Nakba-NLP 2025

The 1st International Workshop on Nakba Narratives as Language Resources

Part of the COLING-2025 Conference

Fully Virtual

January 20, 2025

Overview

The narratives of the (ongoing) Palestinian Nakba possess significant historical, cultural, literary, and academic value. Preserving this content and empowering it with AI tools is crucial for ensuring its accessibility and usability for present and future generations. Nakba narratives and testimonies exist in diverse formats such as manuscripts, books, audio recordings, novels, and films. Converting this content into a machine-understandable format presents a notable challenge. Establishing accessible archives and well-annotated collections is essential for researchers and historians to verify and share meaningful information.

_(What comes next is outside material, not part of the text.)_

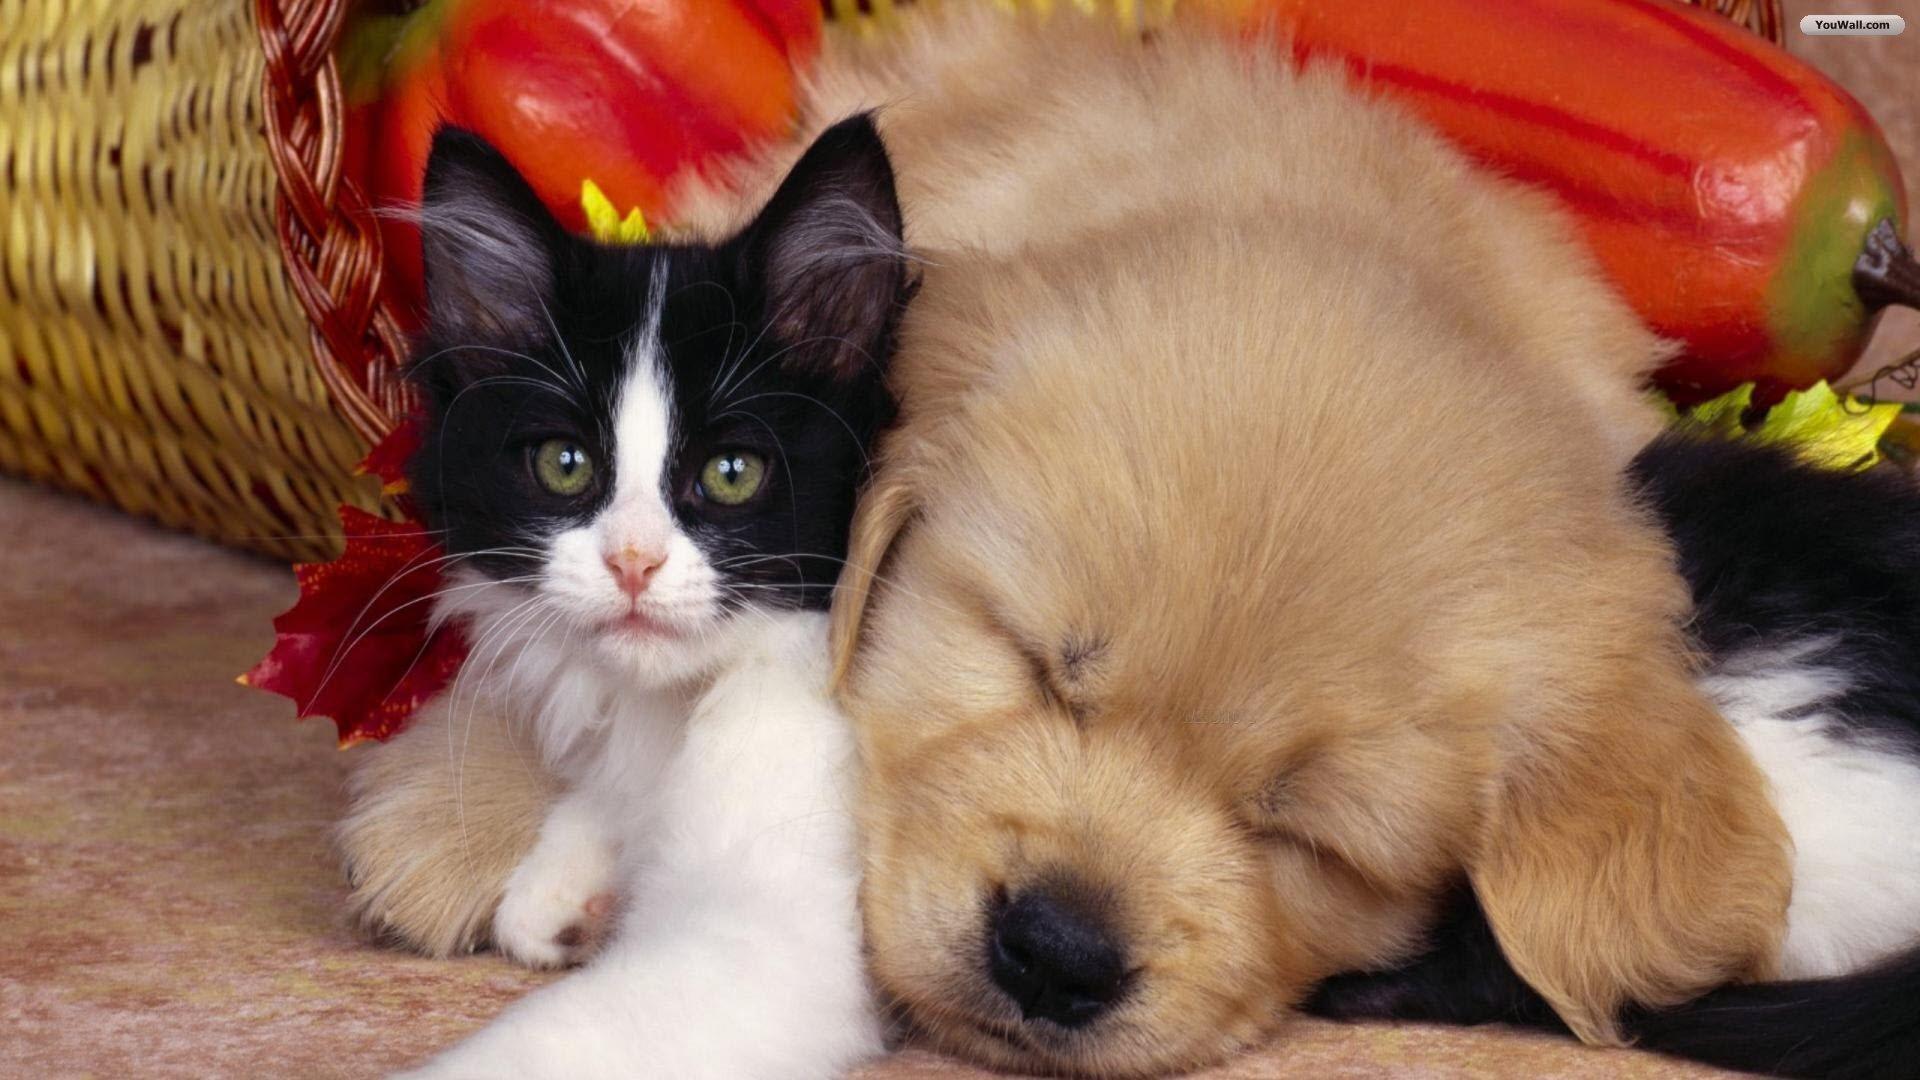 Cute-cat-and-dog-wallpaper

This workshop aims to explore how artificial intelligence, natural language processing, and corpus linguistics can assist in understanding, disseminating and preserving, Nakba narratives and testimonies. The goal is to create accessible, comprehensive, and well-annotated collections that empower researchers and historians to validate and share critical insights derived from these data. The workshop targets datasets and narratives in Arabic, English, and other languages, however, submitted articles should be written in English.


Call for Papers

We invite submissions for Nakba-NLP 2025, a workshop dedicated to the exploration and preservation of Nakba narratives through the application of artificial intelligence, natural language processing, and corpus linguistics. All submitted papers should explain their relevance to the topic of ‘Nakba Narratives as Language Resources’. The organisers reserve the right to reject any papers that incite hatred, refute established facts, or undermine the suffering of individuals.

We seek contributions on the following issues of interest:

  • Digitisation of oral and written narratives
  • Creation and labeling of language corpora and datasets
  • Digital archives, metadata, and semantic/content mark-up
  • Annotation tools and annotation guidelines
  • Document classification, topic modeling, and information retrieval
  • Named entity recognition for identifying people, places, organizations, and events
  • Entity linking and relationship extraction
  • Event detection and event argument extraction
  • Knowledge Graphs and Linked Data
  • Vocabularies, dictionaries, and ontologies
  • Data visualisation
  • Knowledge representation
  • Machine translation, summarisation, and paraphrasing
  • Natural Language Generation
  • Large Language Models
  • Sentiment analysis and emotional content extraction
  • Discourse analysis (e.g., bias, offensive language, and misinformation) related to Nakba narratives
  • Voice & dialogue-based systems; ASR
  • Palestinian dialects (written and spoken)

Participants are invited to use the following archives: Institute for Palestine Studies, The Palestinian Museum, Nakba-Archive, POHA,Alhaq,ICHR, as well as Wikipedia and the Wikidata Knowledge Graph.


Submission Details

All submitted papers must clearly state and explain their relevance to the topic of ‘Nakba Narratives as Language Resources’. The organisers reserve the right to reject any papers that incite hatred, refute established facts, or undermine the suffering of individuals.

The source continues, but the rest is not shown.